– Что за бред вы несете? – слова Виктора были грубыми, но тон абсолютно растерянным и даже беспомощным.
– Кто-то воздействует на вашу энергетику, – спокойно и терпеливо, как добрая учительница тупому первоклашке, объяснила девушка. Внезапно поймала его руку и поднесла к глазам. Ладони ее были странно горячими – или Виктору это просто показалось? – Вот, смотрите, у вас кожа на всех подушечках пальцев шелушится – это вернейший признак. Вам нанесли огромную энергетическую брешь, в просторечии – порчу. И сделал это кто-то из близких людей – родственник, любимая женщина или друг. Кто-то, кому вы доверяете, кем очень дорожите… И я, к сожалению, не смогу вам помочь. Я только начинаю свой путь, у меня не хватит ни сил, ни опыта, а тут необходимо очень серьезное противодействие.
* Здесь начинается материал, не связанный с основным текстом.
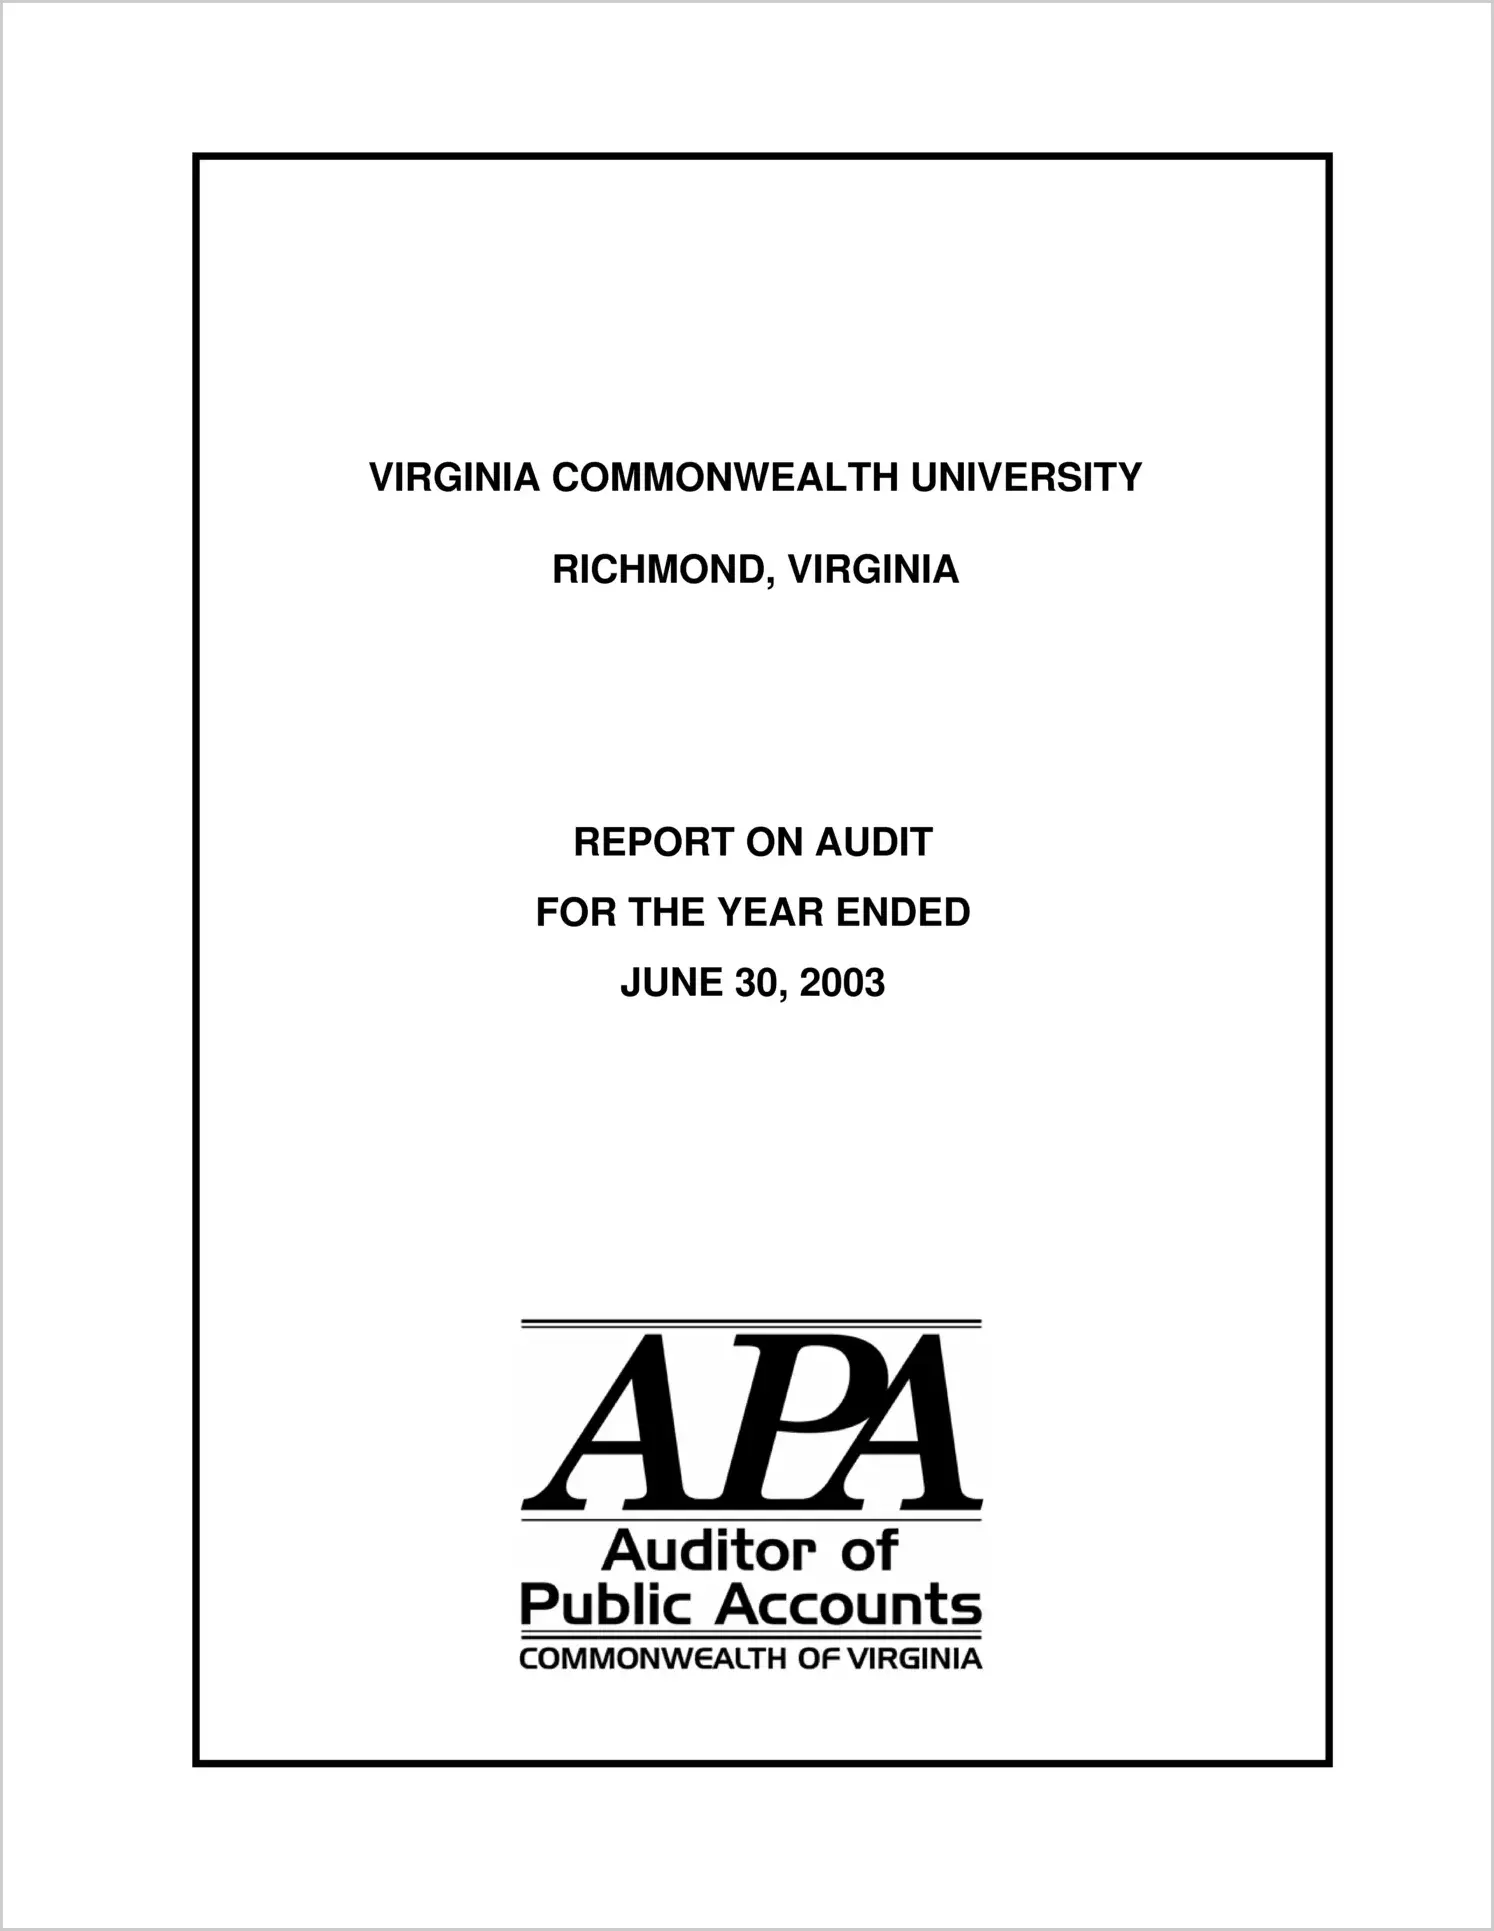 Virginia Commonwealth University for the year ended June 30, 2003

Ошеломленный Виктор только глядел на ее сосредоточенное смуглое лицо и не мог произнести ни слова.
– Но я вас только об одном прошу! – продолжала девушка, прижав к груди смуглые руки. – Вы только не сдавайтесь! Надо обязательно бороться! Можно самому, но лучше обратиться за помощью к какому-нибудь очень хорошему, сильному колдуну. Вы меня понимаете?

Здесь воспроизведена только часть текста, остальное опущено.